U.S. District Judge Larry Burns issued a one-page order preventing the release of photos of Jared Lee Loughner, 22, charged in the Jan. 8 shooting spree that left six people dead, including U.S. District Judge John M. Roll, and 13 wounded, including the Democratic Arizona congresswoman, at a constituent meet-and-greet event outside a Tucson supermarket.

Burns’s order said a final ruling on the issue will be made at a Feb. 18 hearing, Courthouse News Service reported.

Loughner is jailed awaiting prosecution on federal charges. A photo of him with a shaved head and grinning reportedly was taken after his arrest by the Pima County Sheriff’s Department.

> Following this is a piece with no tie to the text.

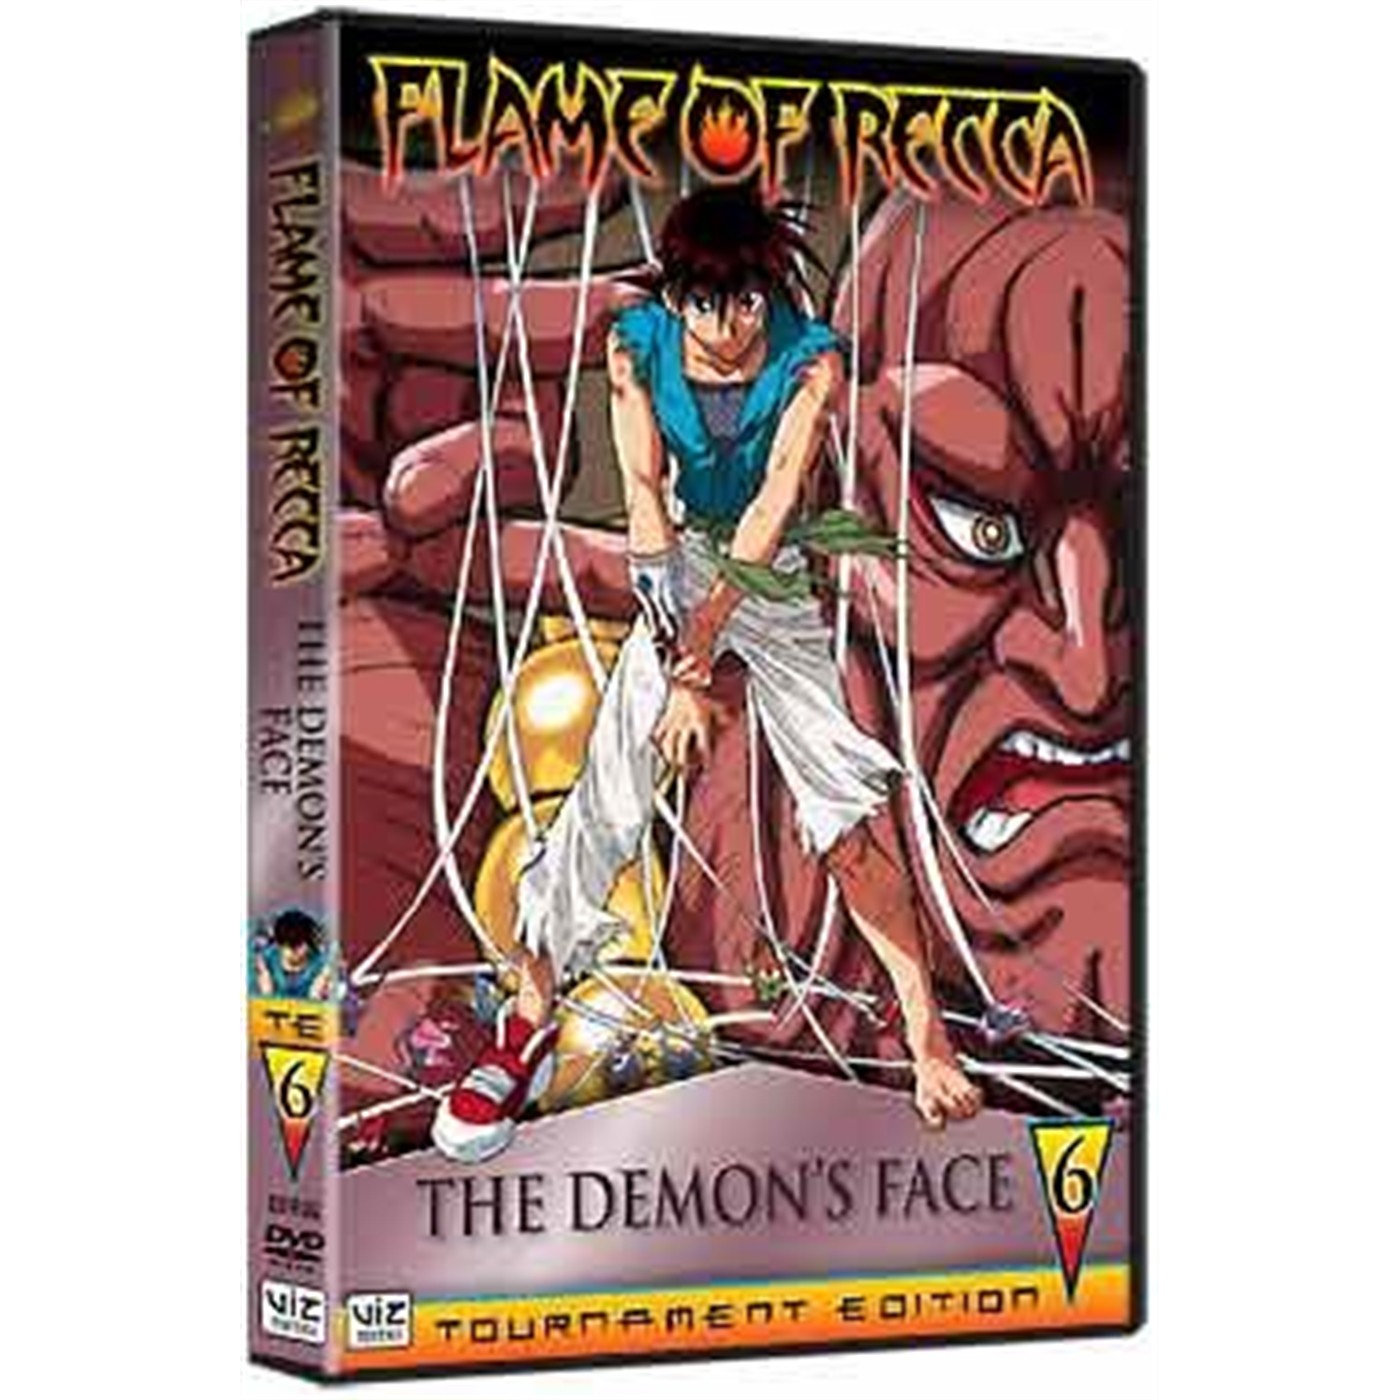 Flame of Recca, Vol. 6: The Demon's Face (DVD)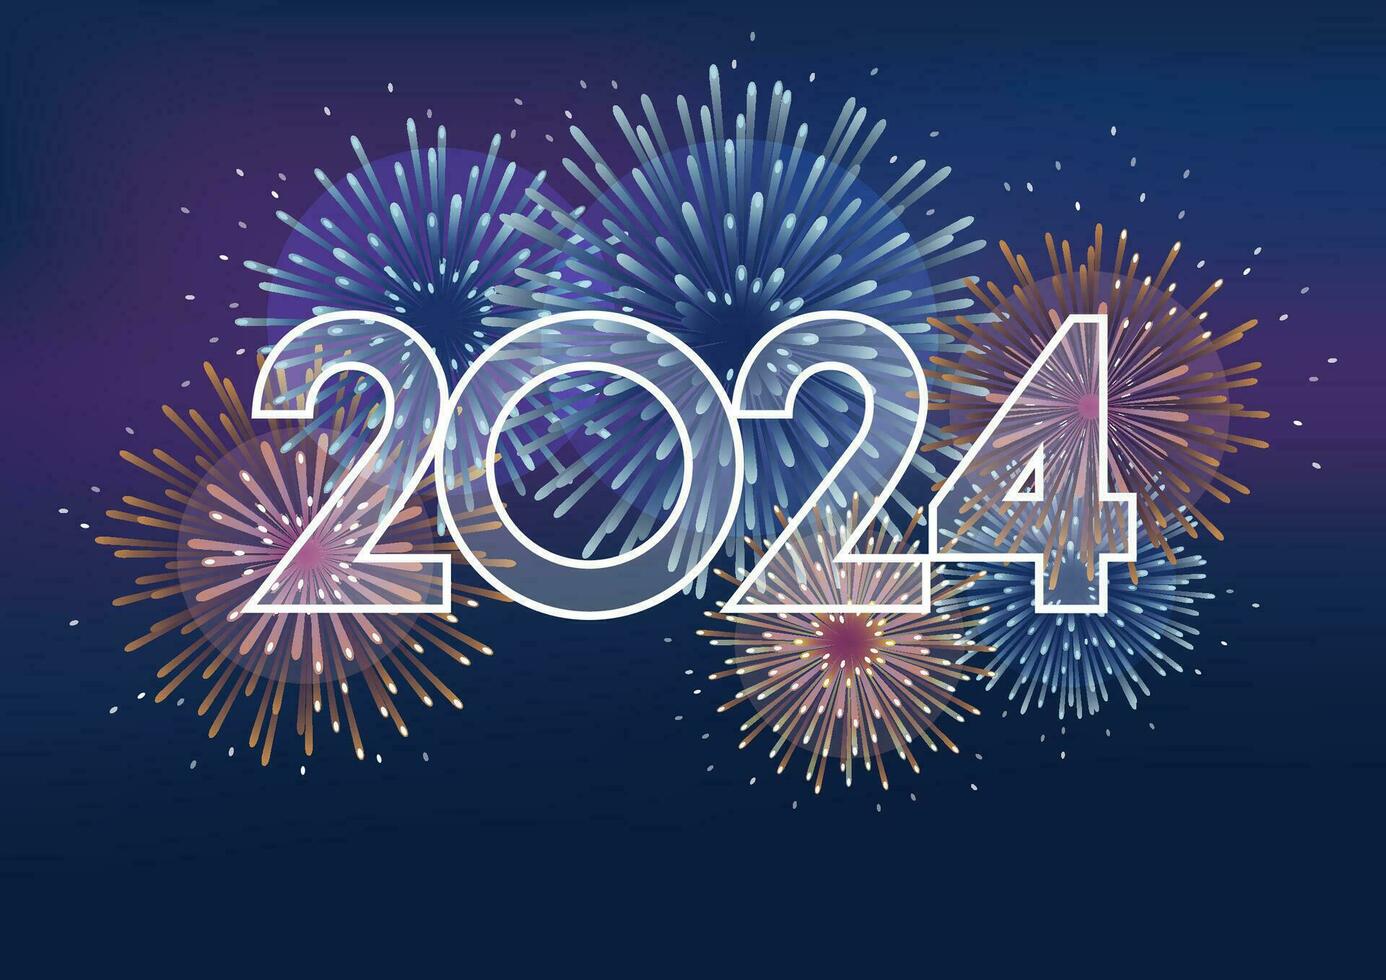 The Year 2024 Logo And Fireworks On A Dark Background Illustration Celebrating The New Year Free Vector

NYC police seek suspect in triple homicide

NEW YORK, Feb. 11 (UPI) — Police searched for a 23-year-old New York City man suspected of killing three people and injuring two others Friday, authorities said.

Maksim Gelman, 23, allegedly first fatally stabbed his 54-year-old stepfather, Aleksandr Kuznetsov, in the early morning hours at the Sheepshead Bay apartment they shared in Brooklyn borough, police told the New York Daily News.

Gelman then allegedly stabbed his girlfriend and her mother to death in an apartment in the same neighborhood, the newspaper said.

Immediately after killing the women, Gelman stabbed a 42-year-old man and stole his car, police said. That victim was hospitalized in critical condition.

One mile from the carjacking, Gelman struck an elderly pedestrian, who was in grave condition at another hospital.

Gelman is 6 feet tall and weighs 170 pounds, police said.

“We’re actively pursuing him,” said NYPD Deputy Commissioner Paul Browne.

Ex-Marine given Navy Cross 45 years late

QUANTICO, Va., Feb. 11 (UPI) — Former U.S. Marine Ned E. Seath received the Navy Cross Friday for his heroic actions during a firefight in Vietnam nearly 45 years ago.

Navy Secretary Ray Mabus presented Seath with the Marine Corps’ second-highest medal for valor in a ceremony in Quantico, Va. Seath also received a Bronze Star with “V” for valor for his actions during fighting the night before the battle that earned him the Navy Cross.

The Defense Department said in a release Seath, then a lance corporal deployed as a machine gun team leader with the 3rd Marine Division’s Company K, 3rd Battalion, 4th Marine Regiment, saved almost an entire company of fellow Marines in 1966.

He halted an assault by North Vietnamese soldiers on July 16, 1966, using an M-60 machine gun he reassembled from spare parts to lay down fire that repelled the attacker while exposing himself to enemy fire.

The night before, he dragged two wounded Marines to safety while under heavy machine-gun fire.

“What Ned went through — what he did — is emblematic of the Marine Corps,” Mabus said. “This is one of the biggest honors I have. Ned Seath is a hero.”